Prop. 15 is the gimmick du jour of lefties – a repeal on the ban on public financing of elections. The initiative would provide a test case for the secretary of state election, but the goal is to broaden taxpayer-funded elections, something that would not only harm taxpayers but would make it nearly impossible for outsiders to successfully challenge the establishment choices.
Prop. 16 “Requires two-thirds voter approval before local governments provide electricity service to new customers.” It is sponsored by Pacific Gas and Electric Co. U.S. Rep. Tom McClintock, R-Rocklin, has it right: “This measure gives you the choice upon whose mercy your future electricity bills will depend: the monopoly of city hall or the monopoly of your utility.”
Prop. 17 is bankrolled by Mercury Insurance and would allow car insurers more flexibility in offering a particular kind of discount – a no-brainer, but one that falls far short of opening up the state’s government-controlled insurance system to real, free-market competition.
Love ’em or hate ’em, these initiatives are mostly self-interested deals. They don’t offer major reform – and none of them get close to touching the fundamental issues that threaten California today. And none of the candidates offers real hope for taking on the vested interests and changing our state.

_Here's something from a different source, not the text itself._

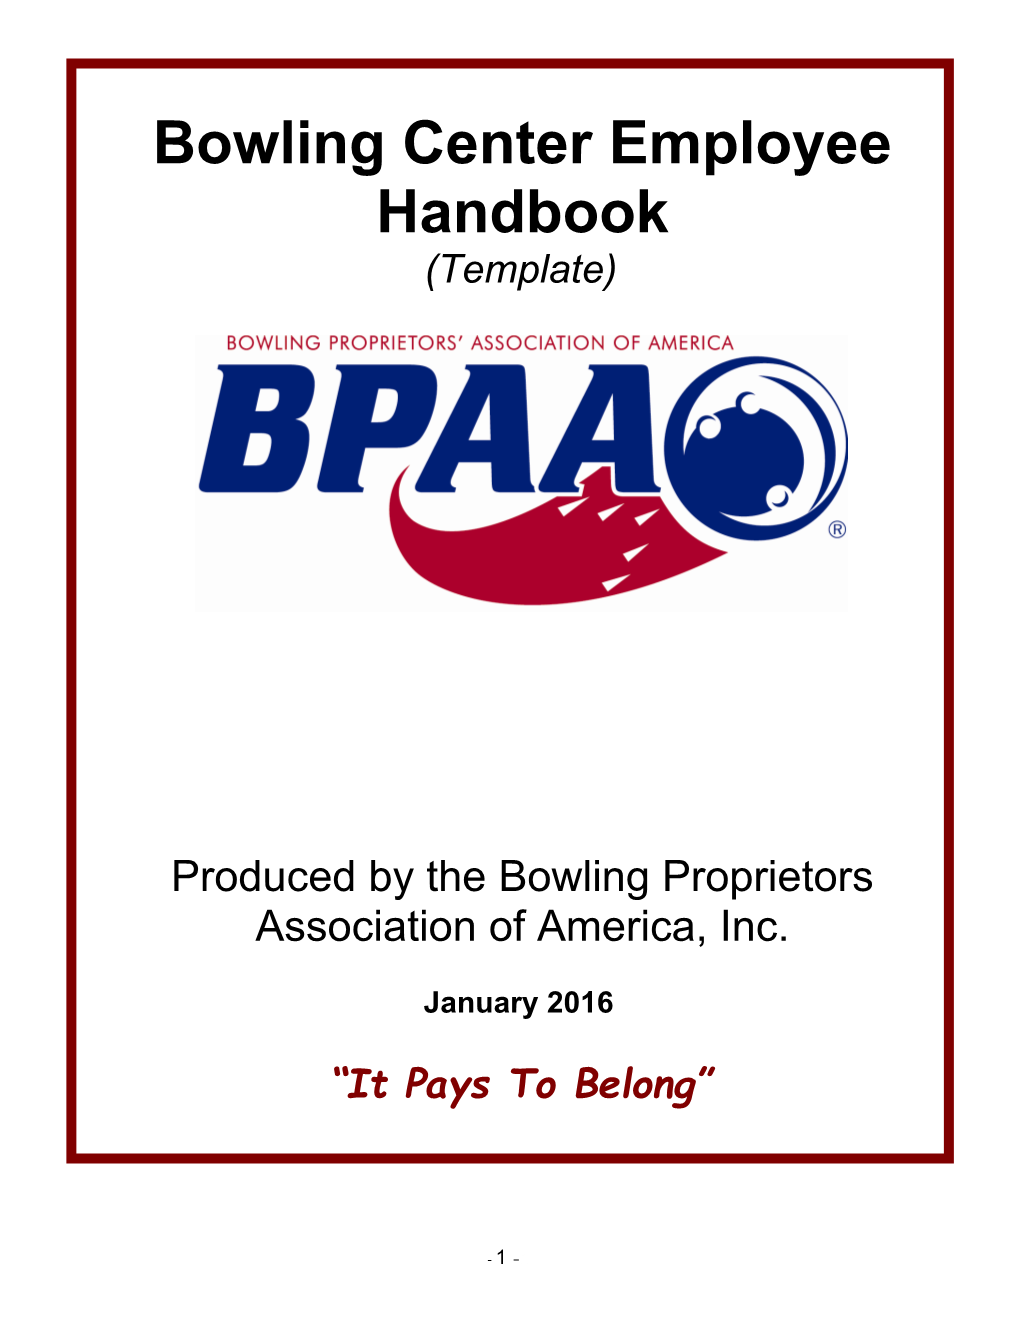 Bowling Center Employee Handbook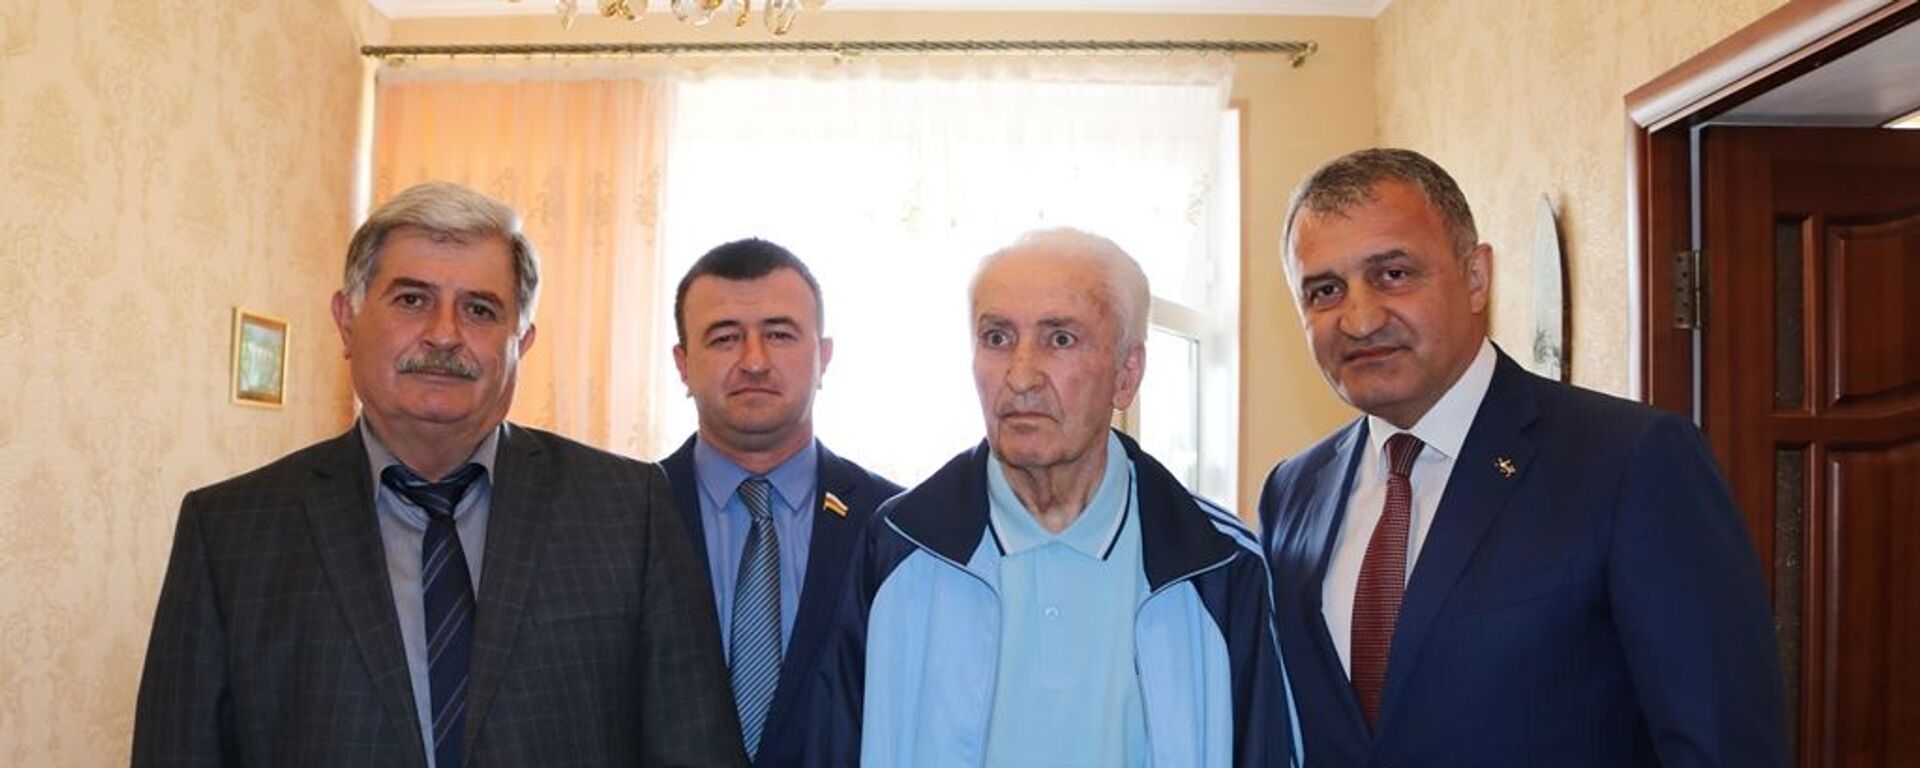 Инал Мамиев отмечает свое 85-летие - Sputnik Южная Осетия, 1920, 06.05.2019

Despite the budget mess, it’s business as usual in Sacramento. And it’s also business as usual at the voting booth. Most Californians I know love this state as much as I do. They can’t imagine living anywhere else. But at some point enough us are going to have to pick up our pitchforks and change the politics here, or more people will build their future elsewhere.
Steven Greenhut is director of the Pacific Research Institute’s www.calwatchdog.com journalism center.